Mi amiga Sofronia no tiene, como se murmura, un carácter extraño y voluble. Tiene una lógica propia. Dice, para dar un ejemplo: “Hoy hace mucho calor”. Y añade: “Tanto es así, que me he puesto la camiseta de lana”. O bien, lo que es todavía más indicativo de su manera de razonar: “Tanto es así que los antiguos egipcios andaban a pie; acaban de decirlo en la televisión”. “¿Calzados o descalzos?”, le pregunto interesándome por el tema. “Depende. Pero ¿qué te importa?”.
Mi amiga Sofronia es un volcán de ideas. Tantas y tan embrolladas que a veces me resulta imposible seguirla. Puntualizo: el desconcierto es mío, que no estoy a su altura. Por eso cada tanto debo interrumpirla. “Pero ¿de quién hablas?”. “De los otros: ¿es necesario decirlo?”. “¿Los otros? ¿Quiénes?”. “El mundo entero, ¡es evidente!”.
Hasta aquí, todo bien.
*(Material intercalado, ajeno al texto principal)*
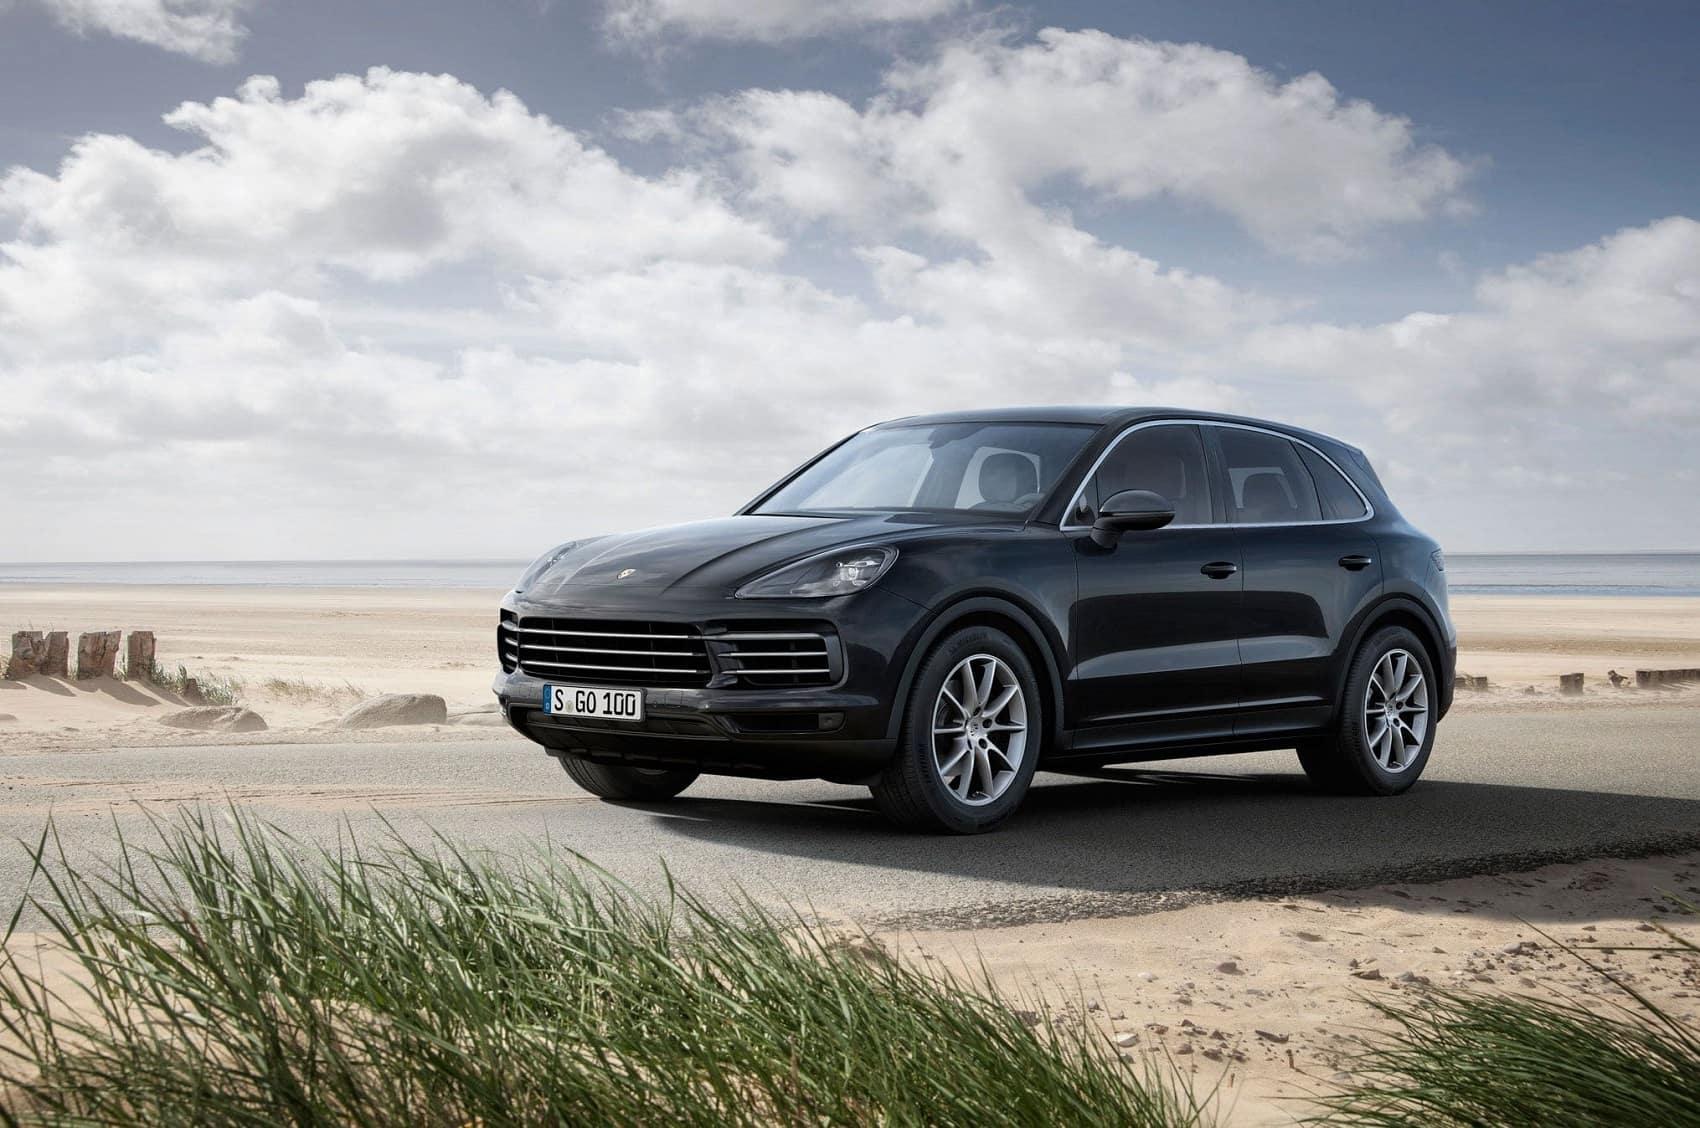 2019 Porsche Cayenne Exterior Front View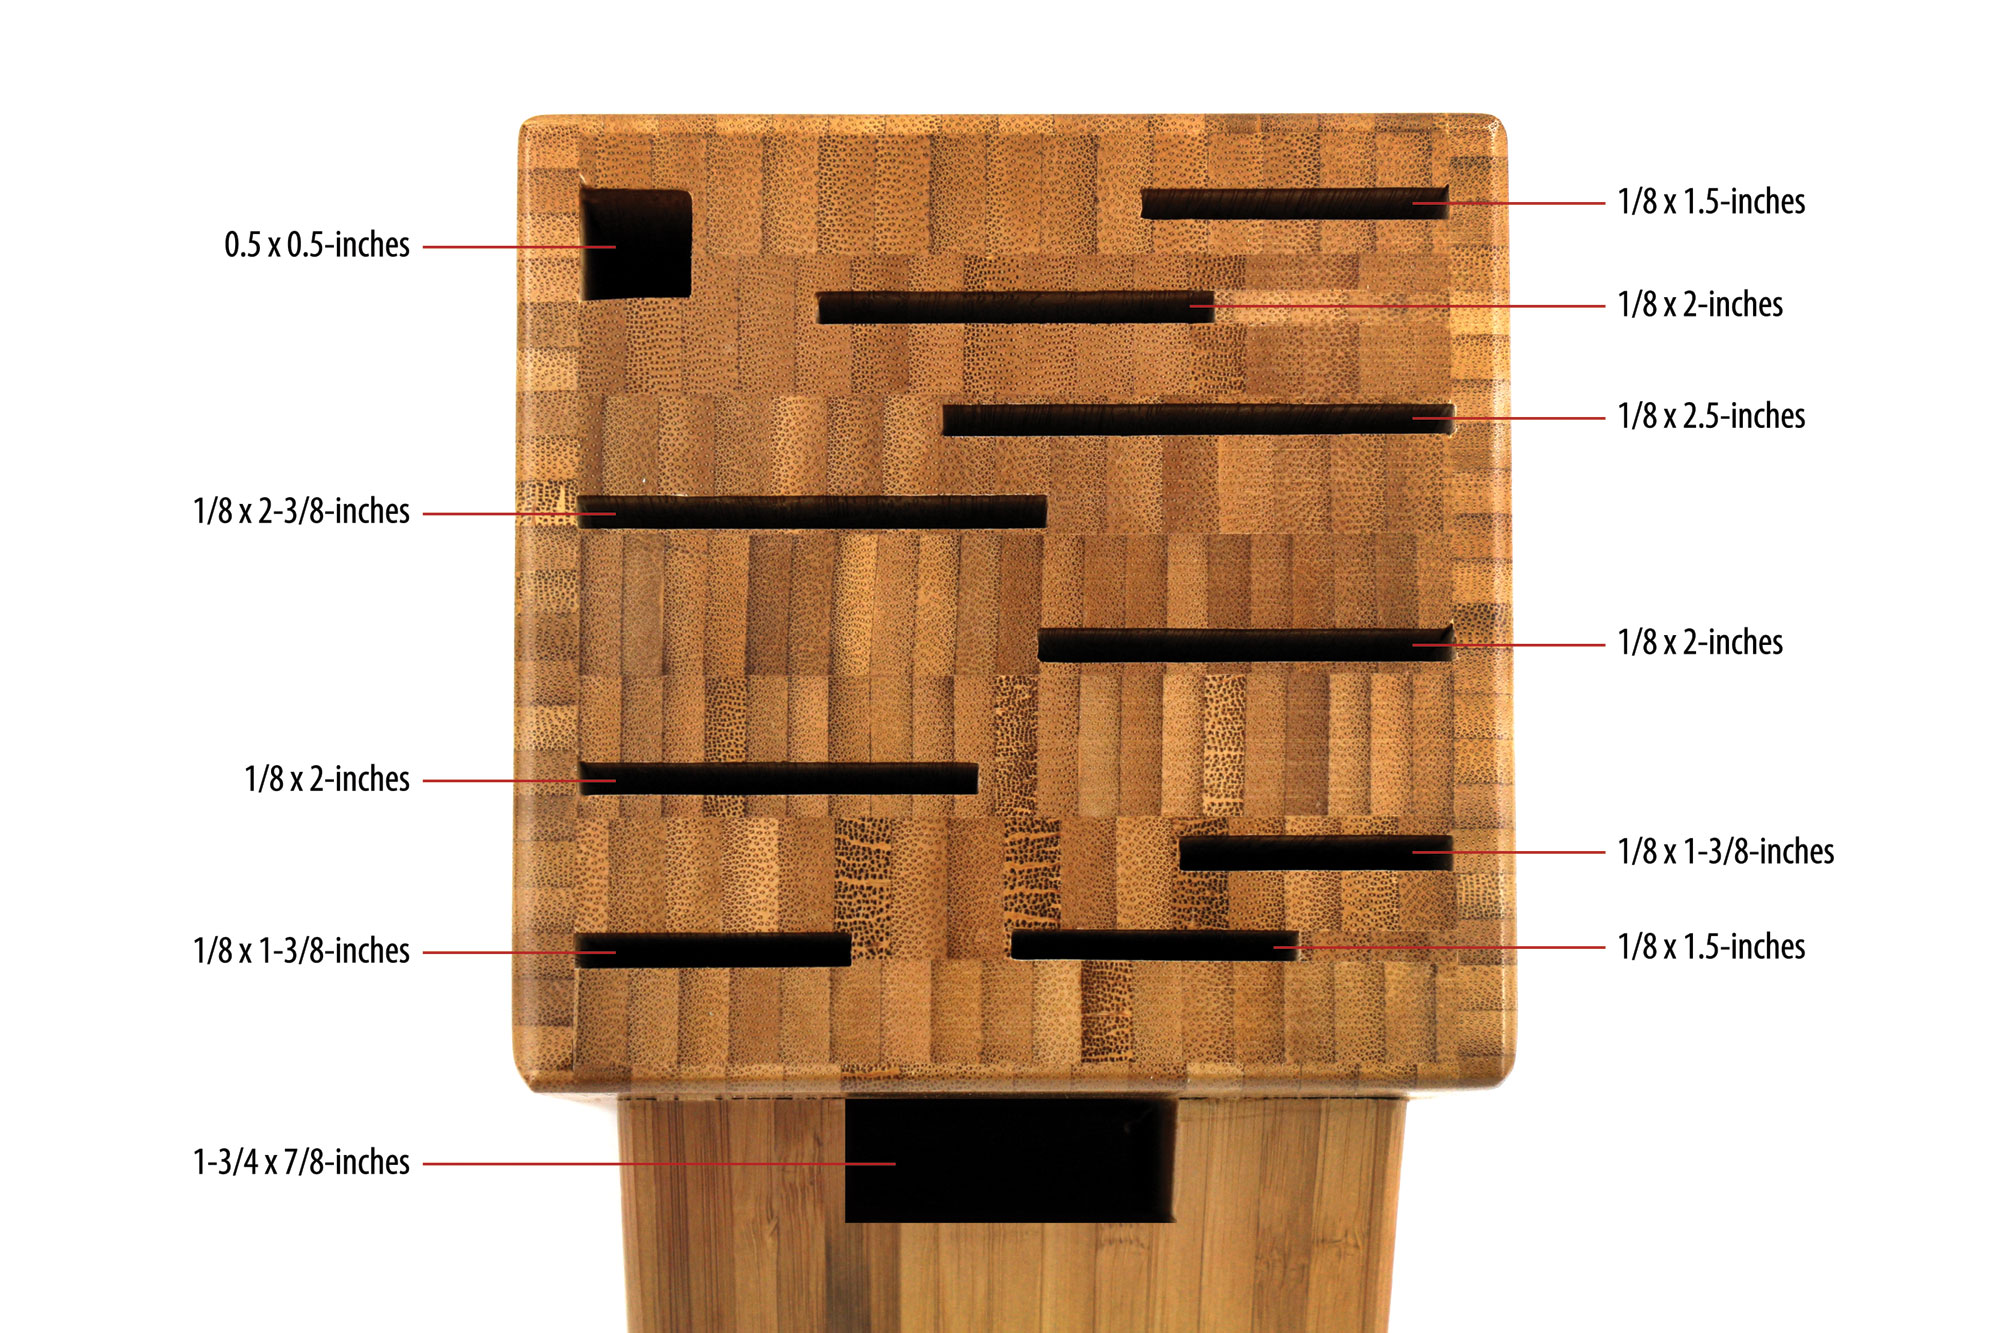 Shun Bamboo Knife Block 11 Slot Cutlery And More

Conozco mis límites y, con el tiempo, he aprendido a medir mis palabras.
Alguna vez, lo admito, mi naturaleza machista e impulsiva me hizo cuestionarla. Y entonces...
Para dar un ejemplo: mi mano izquierda fue reemplazada por este muñón de cuero, un ejemplo elocuente de lo que puede uno de sus mordiscos. Pero enseguida se arrepintió: el muñón, con las volutas doradas impresas en el cuero, me lo hizo ella con sus manos expertas y, debo admitirlo, es de una elegancia exquisita. Cuando me lo puso, dijo llorando: “Querido, ¿podrás perdonarme?”. Luego pensó un instante y agregó: “Te queda muy bien ¿sabes? Y te hace más joven”.